Before we can install the operating system, we need to configure the server identity in Hetzner’s management interface.
Log into the Hetzner Robot web interface and set the server name (e.g., node4) along with a reverse DNS entry.
A proper reverse DNS entry helps with server identification in logs and monitoring tools.
After receiving the root credentials via email, access the server through SSH:
$ ssh root@<node4-public-ip>
# Enter password from email
Hetzner provides the installimage tool which makes OS installation straightforward on their dedicated servers.
This tool handles disk partitioning, OS deployment, and basic configuration in one step:
$ installimage
In the configuration editor, select Rocky Linux 10 and set the hostname to match our naming convention.
We use a simple partition layout without swap, because Kubernetes requires swap to be disabled, dedicating the entire disk to the root partition with a small separate /boot:
PART /boot ext3 1024M
PART / ext4 all
After installation completes, reboot the server to boot into the new operating system:
$ reboot
When reconnecting via SSH, we see a host key warning because the server’s SSH keys changed with the new OS installation.
This is expected! Remove the old entries from ~/.ssh/known_hosts on the local machine and accept the new key when prompted.
A freshly installed server needs immediate security hardening before we proceed with any other configuration. These steps protect the server from unauthorized access and establish good security practices from the start.
The default root password was sent via email, which means it has already been transmitted over the network. Change it immediately:
$ whoami
root
$ passwd
Changing password for root.
New password: ********
Retype new password: ********
passwd: password updated successfully
Security vulnerabilities are patched regularly, and the installation image may be weeks or months old.
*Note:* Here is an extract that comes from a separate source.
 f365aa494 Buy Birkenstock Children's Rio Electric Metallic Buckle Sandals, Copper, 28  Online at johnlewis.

Update all packages to ensure the system has the latest security patches before exposing it to any workloads:
$ dnf update -y
Running commands as root is dangerous because it provides unrestricted access to the system.
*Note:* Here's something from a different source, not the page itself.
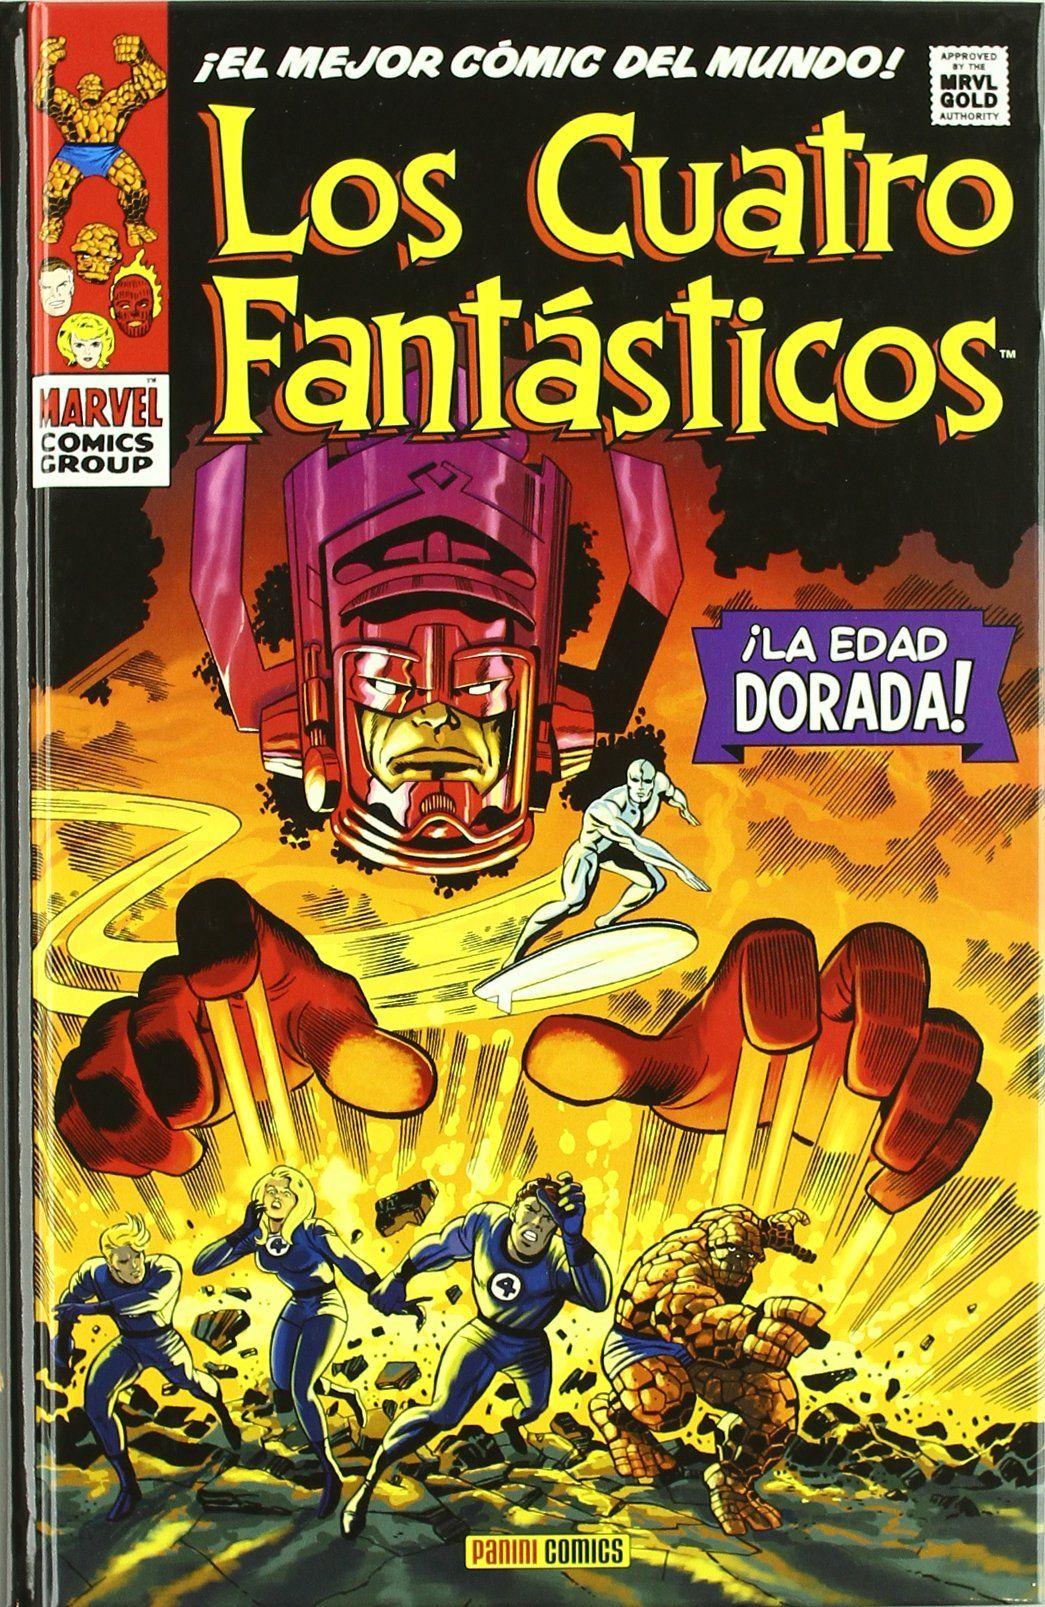 Los Cuatro Fantásticos. ¡La Edad Dorada! (Marvel Gold)Tapa dura

We create a dedicated admin account that requires explicit sudo for privileged operations, providing both safety and accountability.
Choose a username that indicates the account’s purpose and remains consistent across all cluster nodes.
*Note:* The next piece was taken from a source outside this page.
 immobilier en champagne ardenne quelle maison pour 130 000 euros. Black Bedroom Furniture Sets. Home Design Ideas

We use k8sadmin throughout this guide for Kubernetes administration:
$ useradd k8sadmin
$ passwd k8sadmin
New password:
Retype new password:
passwd: password updated successfully
$ usermod -aG wheel k8sadmin
Adding the user to the wheel group grants sudo privileges on RHEL-based systems.
Test that the new user account works by opening a new SSH session from the local machine:
$ ssh k8sadmin@<node4-public-ip>
Password authentication is vulnerable to brute-force attacks and requires typing credentials on every connection. SSH key authentication eliminates both problems. Keys are far harder to crack and connect without password prompts.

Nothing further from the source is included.